Written by @wingkwong

class Solution {
public:
    ListNode* mergeTwoLists(ListNode* list1, ListNode* list2) {
        if (list1 == nullptr) return list2;
        else if (list2 == nullptr) return list1;
        else if (list1->val < list2->val) {
            list1->next = mergeTwoLists(list1->next, list2);
            return list1;
        } else {
            list2->next = mergeTwoLists(list2->next, list1);
            return list2;
        }
    }
};

Written by @radojicic23

# Definition for singly-linked list.
# class ListNode:
#     def __init__(self, val=0, next=None):
#         self.val = val
#         self.next = next
class Solution:
    def mergeTwoLists(self, list1: Optional[ListNode], list2: Optional[ListNode]) -> Optional[ListNode]:
        if list1 == None:
            return list2
        elif list2 == None:
            return list1
        elif list1.val < list2.val:
            list1.next = self.mergeTwoLists(list1.next, list2)
            return list1
        else:
            list2.next = self.mergeTwoLists(list2.next, list1)
            return list2

Written by @radojicic23

/**
 * Definition for singly-linked list.
 * function ListNode(val, next) {
 *     this.val = (val===undefined ? 0 : val)
 *     this.next = (next===undefined ? null : next)
 * }
 */
/**
 * @param {ListNode} list1
 * @param {ListNode} list2
 * @return {ListNode}
 */
var mergeTwoLists = function (list1, list2) {
  if (!list1) {
    return list2;
  } else if (!list2) {
    return list1;
  } else if (list1.val < list2.val) {
    list1.next = mergeTwoLists(list1.next, list2);
    return list1;
  } else {
    list2.next = mergeTwoLists(list1, list2.next);
    return list2;
  }
};

Approach 2: Iterative

We create a head and tail pointer.

The head pointer is created so that we can keep track of the beginning element of our list and return it in $O(1)$ Firstly we check if either of the linked list $list1$ or $list2$ is empty if it is then we simply return the non-empty list Now we compare the first element of both the list in order to find out our beginning element of the merged linked list We set head and tail pointer to the above-obtained element and increase the $list1$ or $list2$ pointer to the next element accordingly.

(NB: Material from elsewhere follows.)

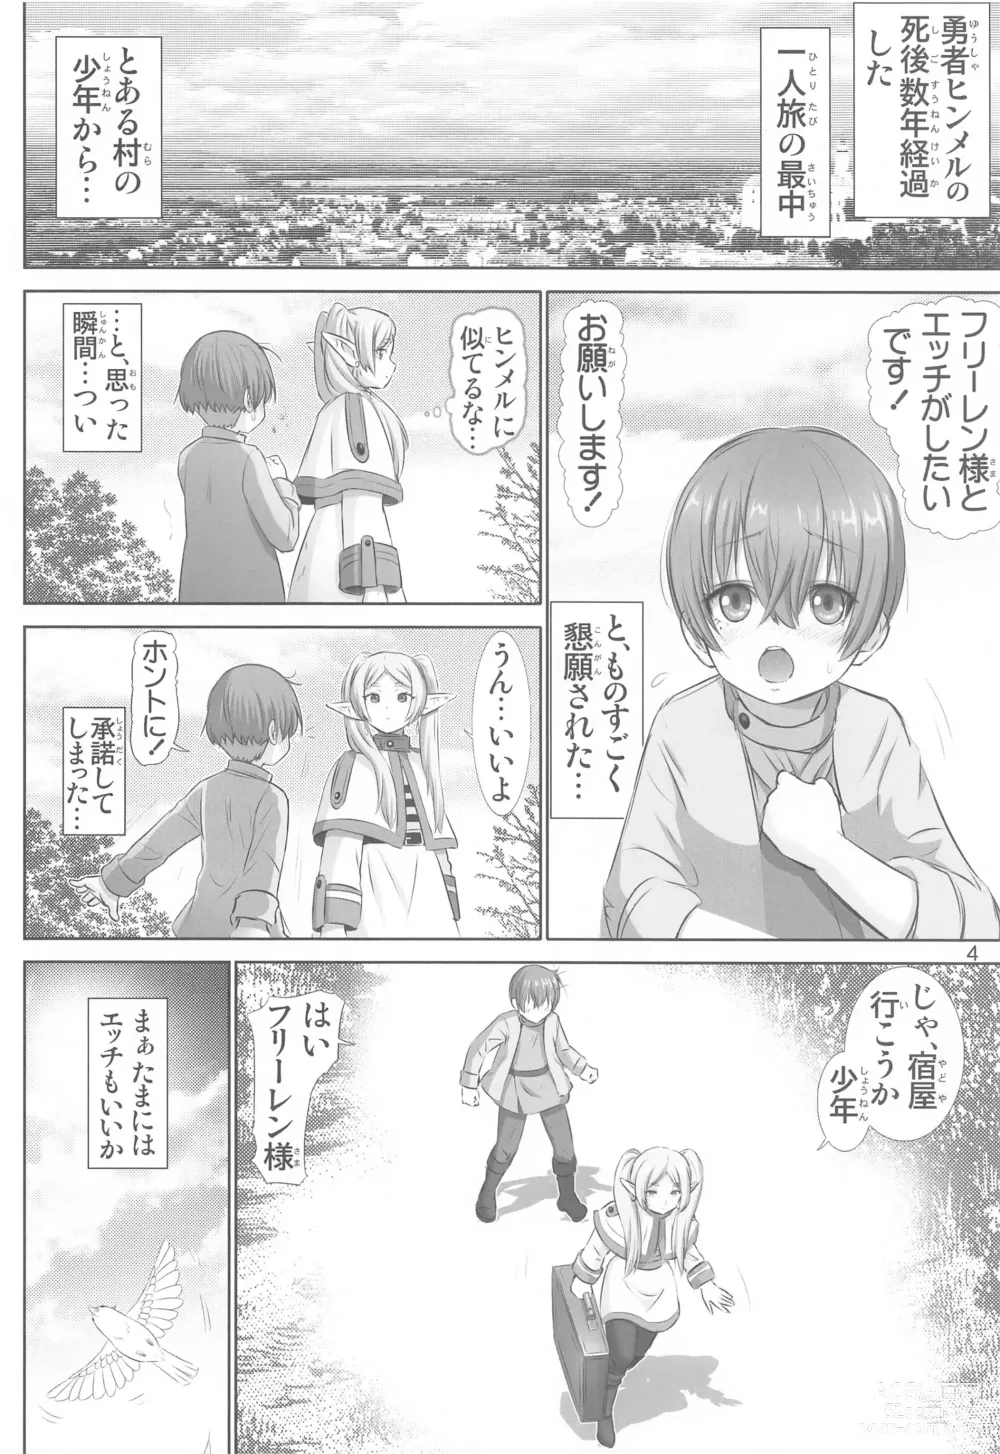 Page 3 of doujinshi Etsuraku no Frieren
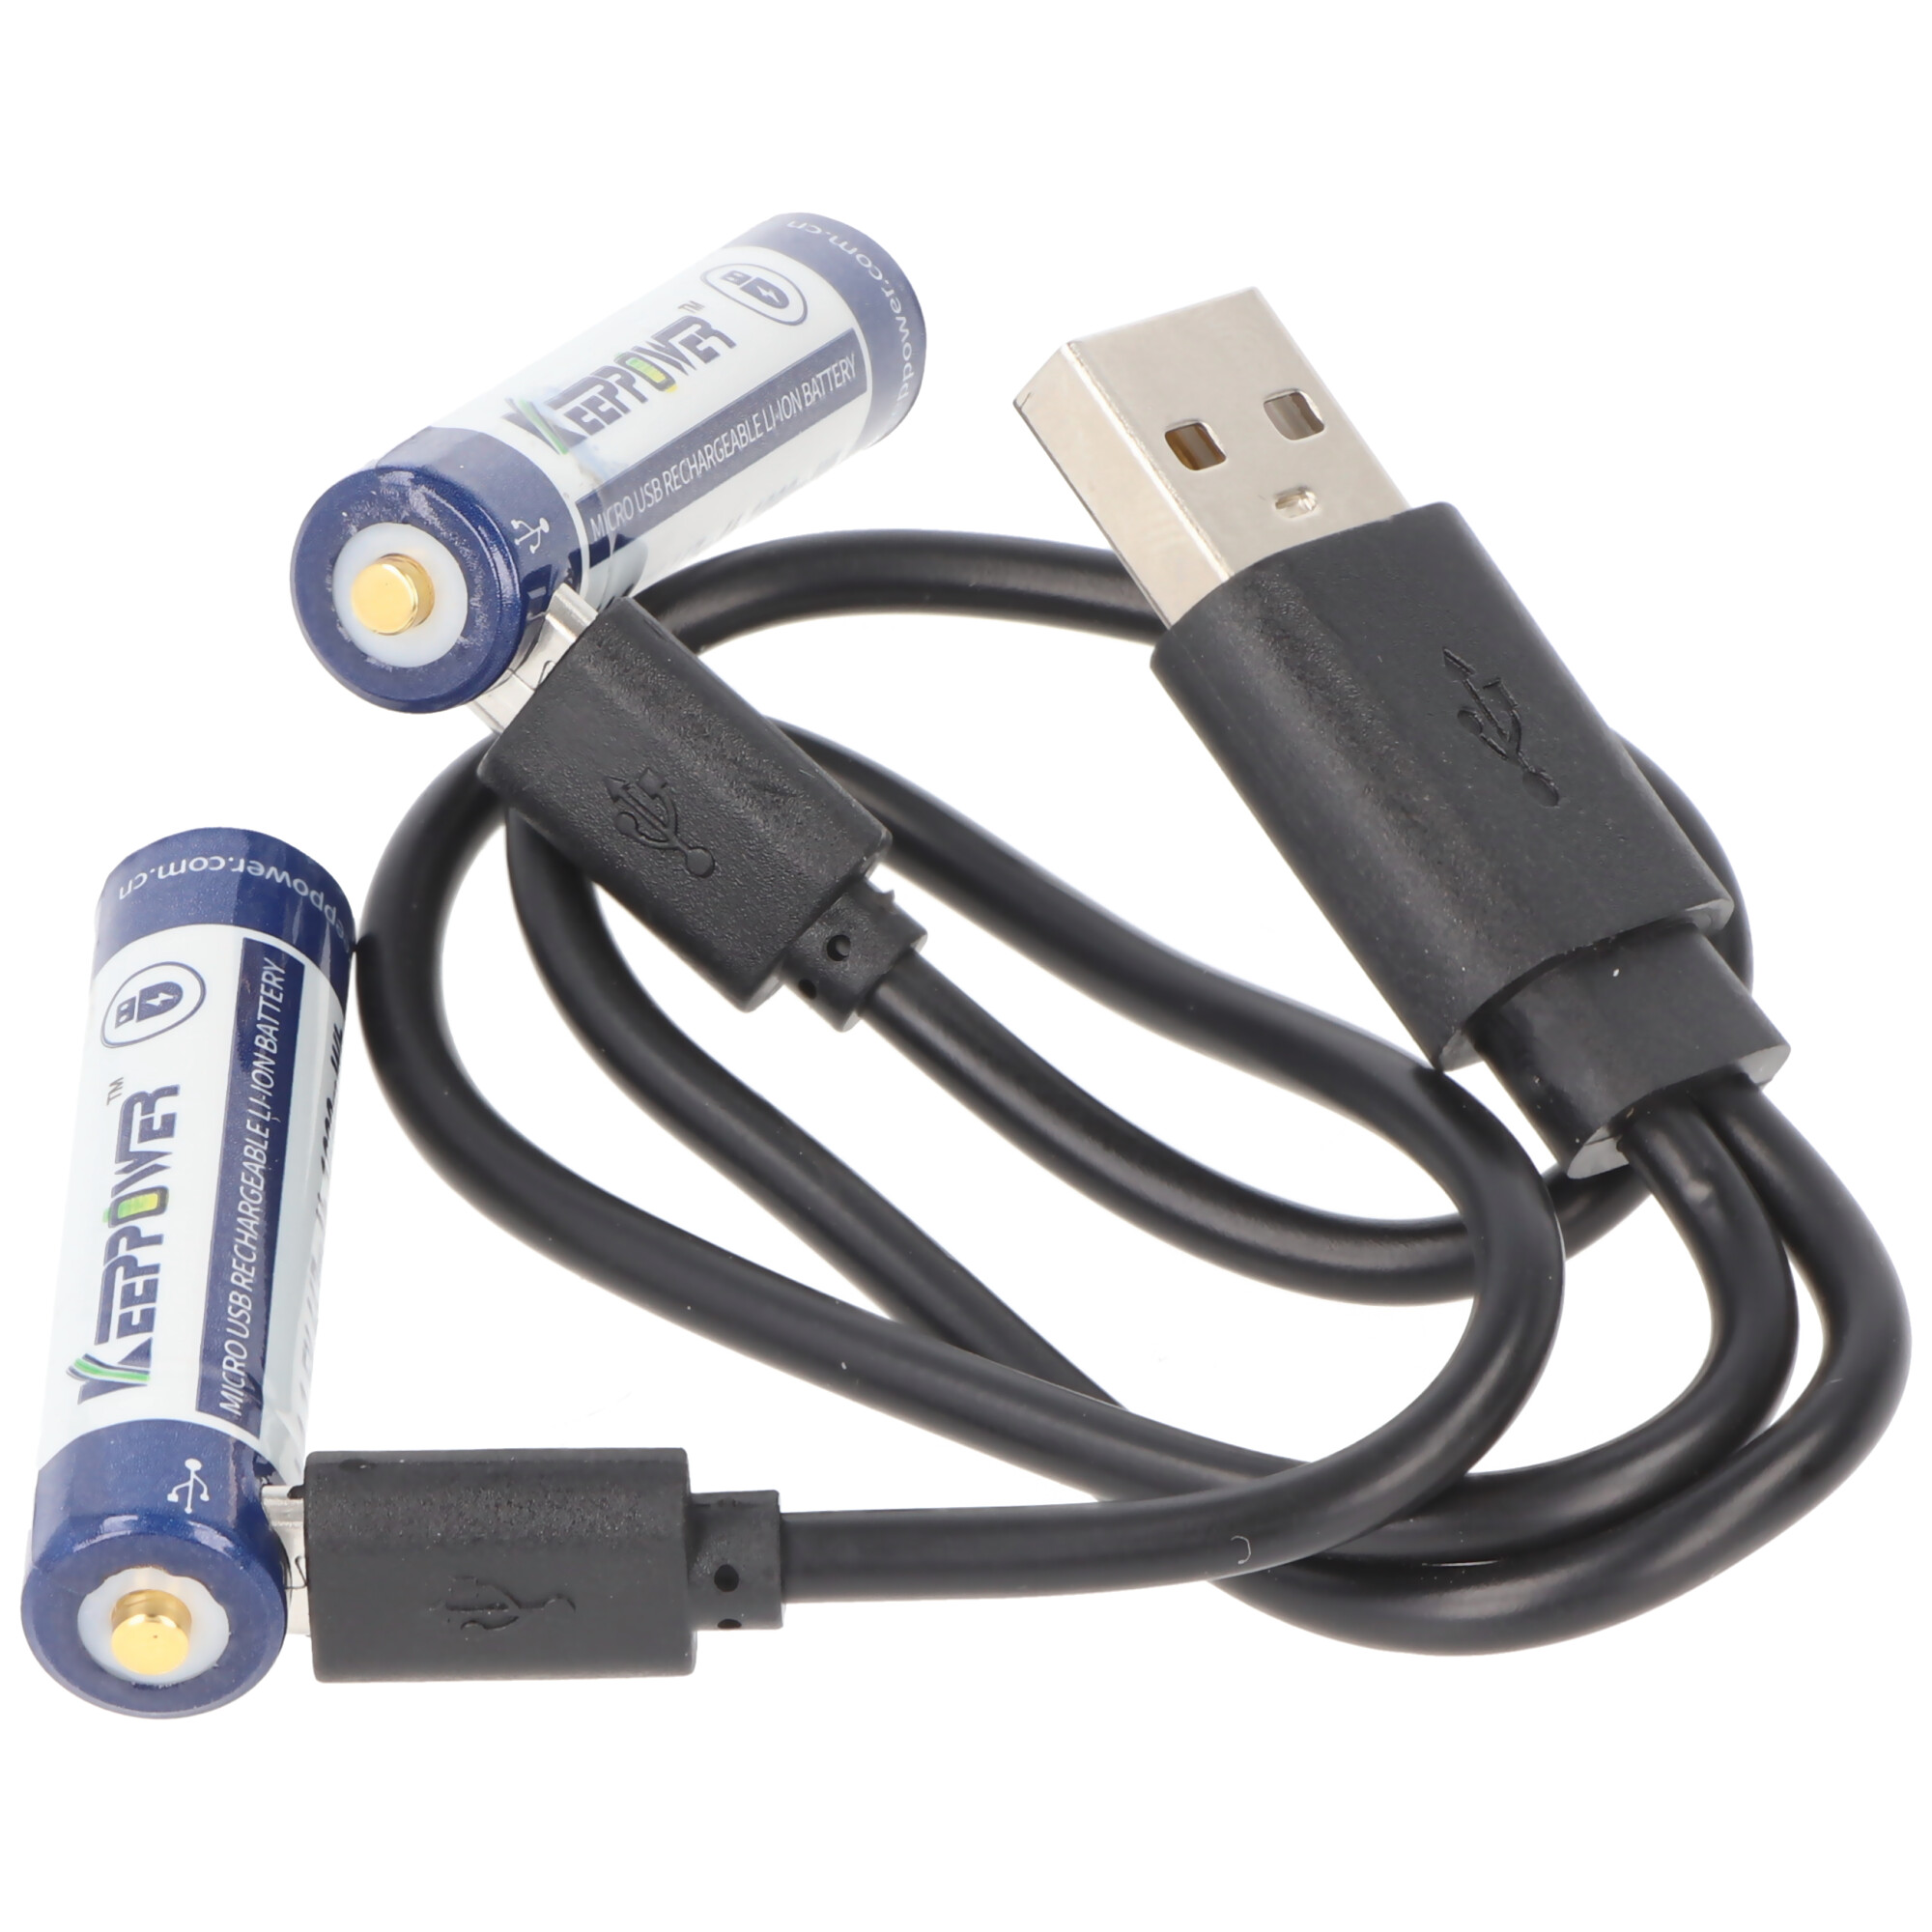 ANSMANN Pile rechargeable Li-Ion 16340 avec fiche micro-USB

Now, we run a while loop until any of the list terminates.

Case 1: if the $list1$ value is less than l2: then we shift our tail pointer to $list1$ and set tail as the current $list1$ now we shift our l1 pointer to the next element of that list.

Case 2: if the $list2$ value is less than $list1$ : then we shift our tail pointer to $list2$ and set tail as the current $list2$ now we shift our $list2$ pointer to the next element of that list.

Now when these list $list1$ and $list2$ are of equal length then the while loop will terminate before traversing whole list To handle such cases we will check which list got terminated.

For example, if $list1$ is null right now then we just shift our tail pointer to the current element of $list2$ and copy the remaining element of $list2$ .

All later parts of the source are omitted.